Тут я вспомнил, что похвалился Осипу одним отпуском от ворона, записанным у карельских охотников, и сослался ему на свою книгу, оставленную с другими вещами в Усть-Илеше.

– Эх, Осип Александрович, – сказал я, – давно ли мы с тобой согласились забросить антихриста?

– Антихриста, – ответил он, – я согласен забыть: не думаешь о нем, и нет их – ни антихриста, ни сатаны. А ворон, Михаил Михайлович, есть, с этим-то ведь надо же как-нибудь бороться на путике.

Сбежистое дерево

Лиственница, пока не позеленеет, кажется мертвой: какое же это, правда, хвойное дерево, если не зелено, и тоже видишь, что листьев на лиственнице никогда и не будет.
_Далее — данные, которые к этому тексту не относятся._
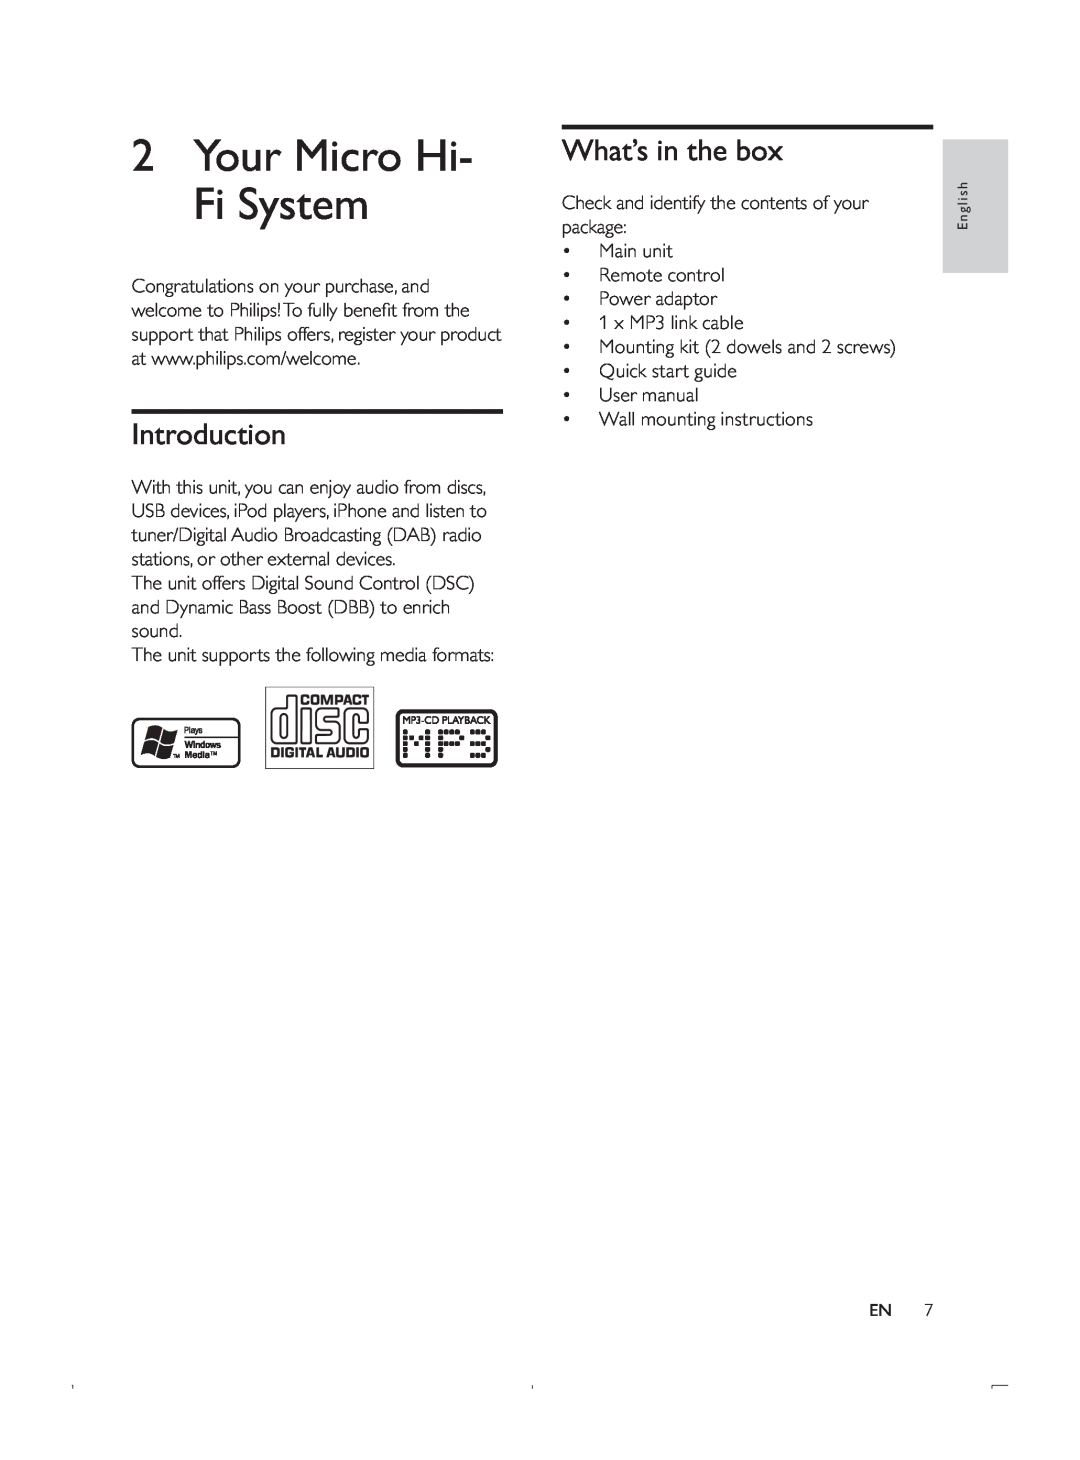 Philips DCB293 user manual 2Your Micro Hi- Fi System, Introduction, What’s in the box

Но зато, когда лиственница начнет зеленеть, то это уж весна: это – весна, воскрешающая эти с виду совершенно мертвые деревья. По ночам, однако, еще очень холодно. В карбасе у нас навалено много елового лапнику, на лапнике – дерюга. Кому очередь спать, ложится на дерюгу, сверху наваливает все на себя и спит без горя. Тот же, кому надо грести и править, согревается работой и особенным счастьем оставаться наедине с миром. Озноб телесный иногда соединяется с восторгом внутри, как ранней весной с морозом горячий солнечный луч, и тогда я плыву и живу хорошо и создаю свою Берендееву чащу.

Желтые бревна, когда в них всматриваешься светлой ночью, все до одного оказываются как лица людей; каждое, и даже как-то по-своему, повертывается, что-то шепчет, чешется о лодку, жмется к тебе…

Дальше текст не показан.